Self-host installation
We offer a self-hosted version of the Tuist server for organizations that require more control over their infrastructure. This version allows you to host Tuist on your own infrastructure, ensuring that your data remains secure and private.
LICENSE REQUIRED
Self-hosting Tuist requires a legally valid paid license. The on-premise version of Tuist is available only for organizations on the Enterprise plan. If you are interested in this version, please reach out to [email protected].
Release cadence
We release new versions of Tuist continuously as new releasable changes land on main. We follow semantic versioning to ensure predictable versioning and compatibility.
The major component is used to flag breaking changes in the Tuist server that will require coordination with the on-premise users.

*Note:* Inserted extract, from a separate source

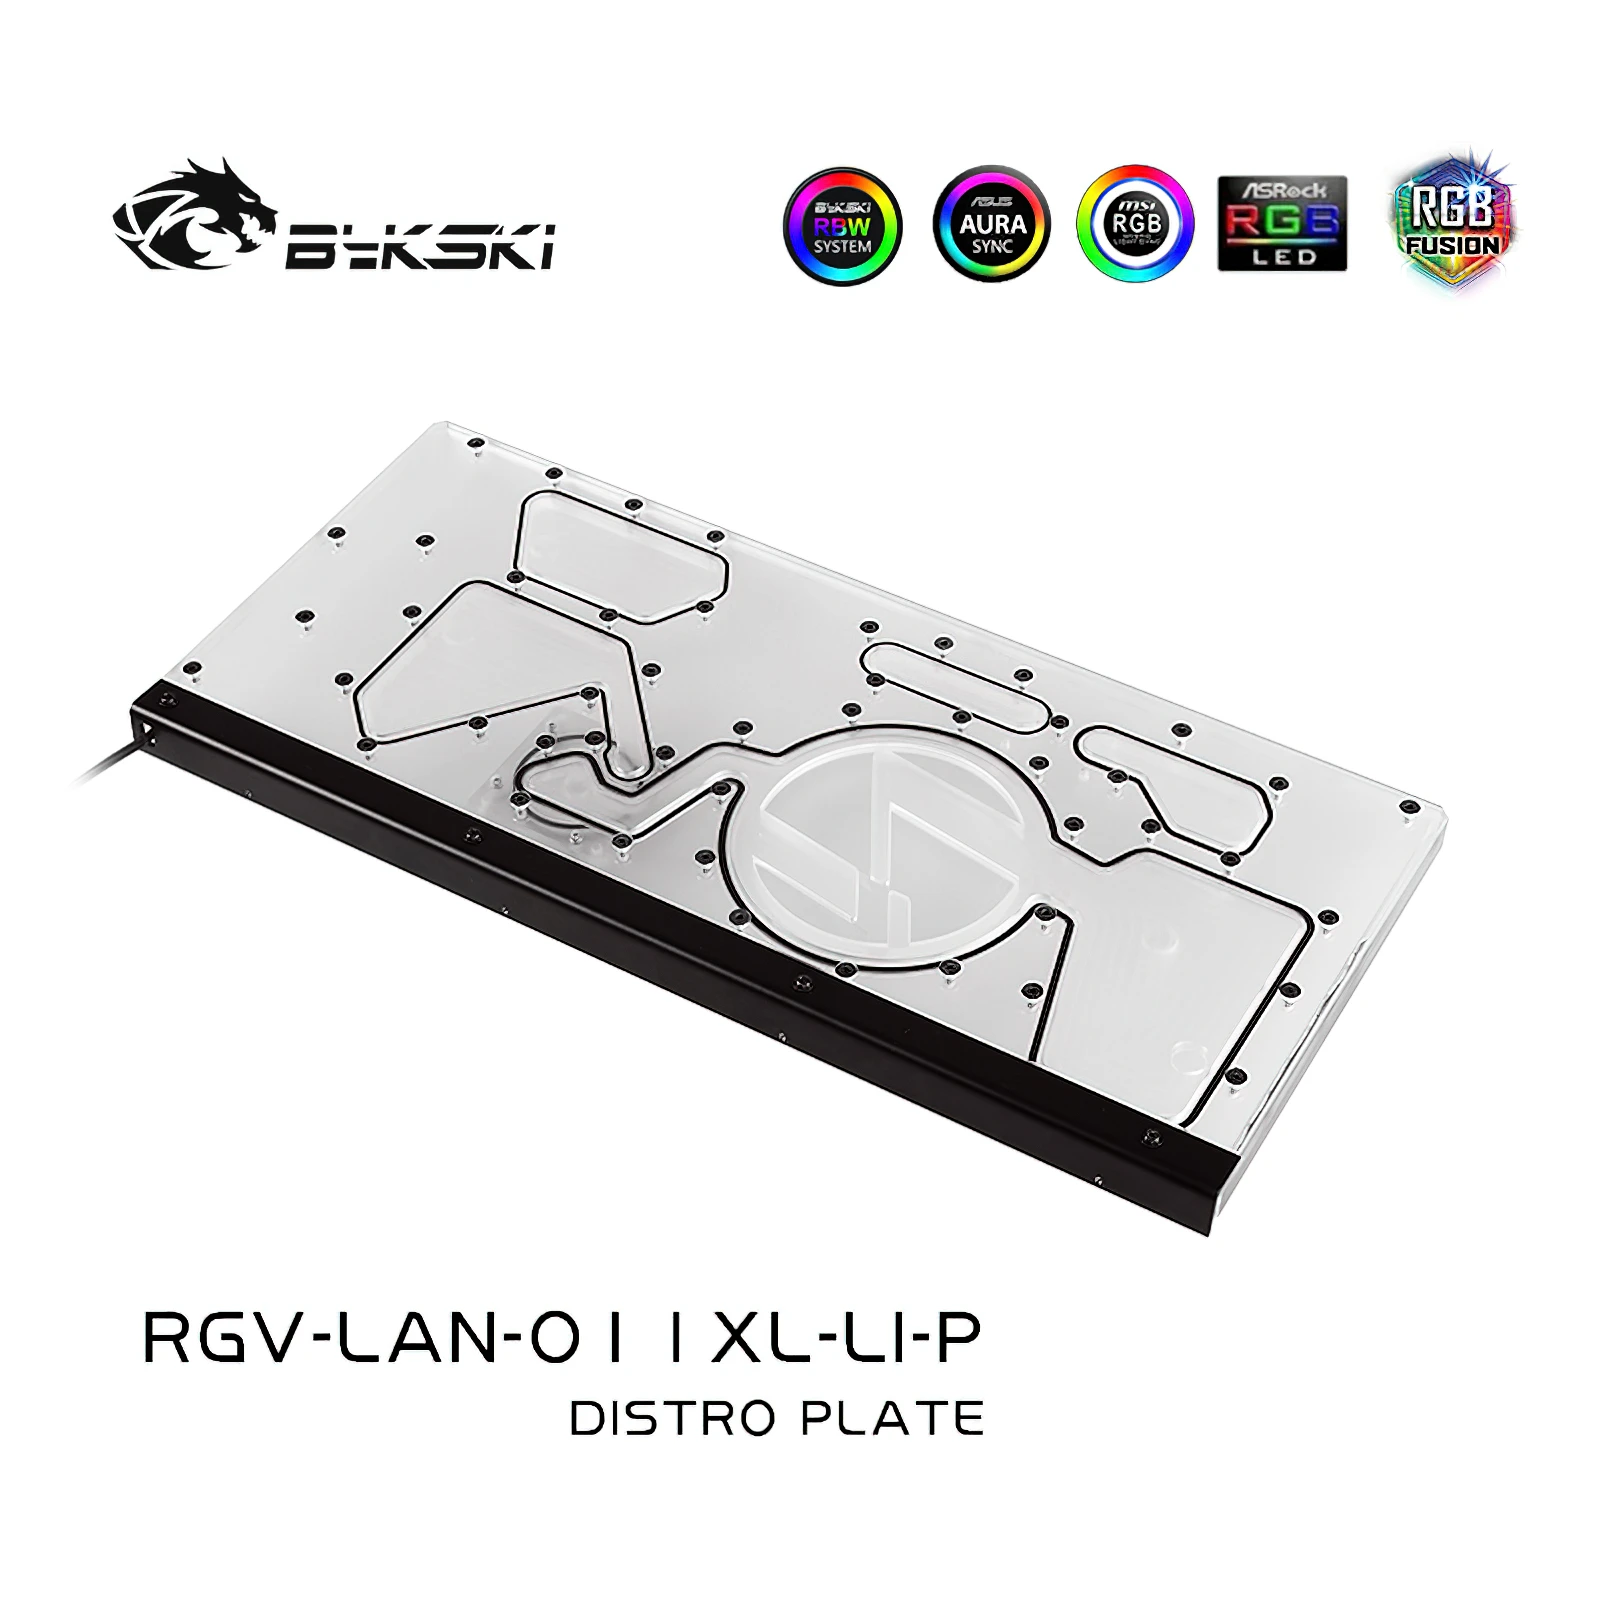 Bykski Distro Plate Reservior for Lianli PC-O11 Dynamic Chassis RGV-LAN-O11XL-LI-P

You should not expect us to use it, and in case we needed, rest assured we'll work with you in making the transition smooth.
Continuous deployment
We strongly recommend setting up a continuous deployment pipeline that automatically deploys the latest version of Tuist every day. This ensures you always have access to the latest features, improvements, and security updates.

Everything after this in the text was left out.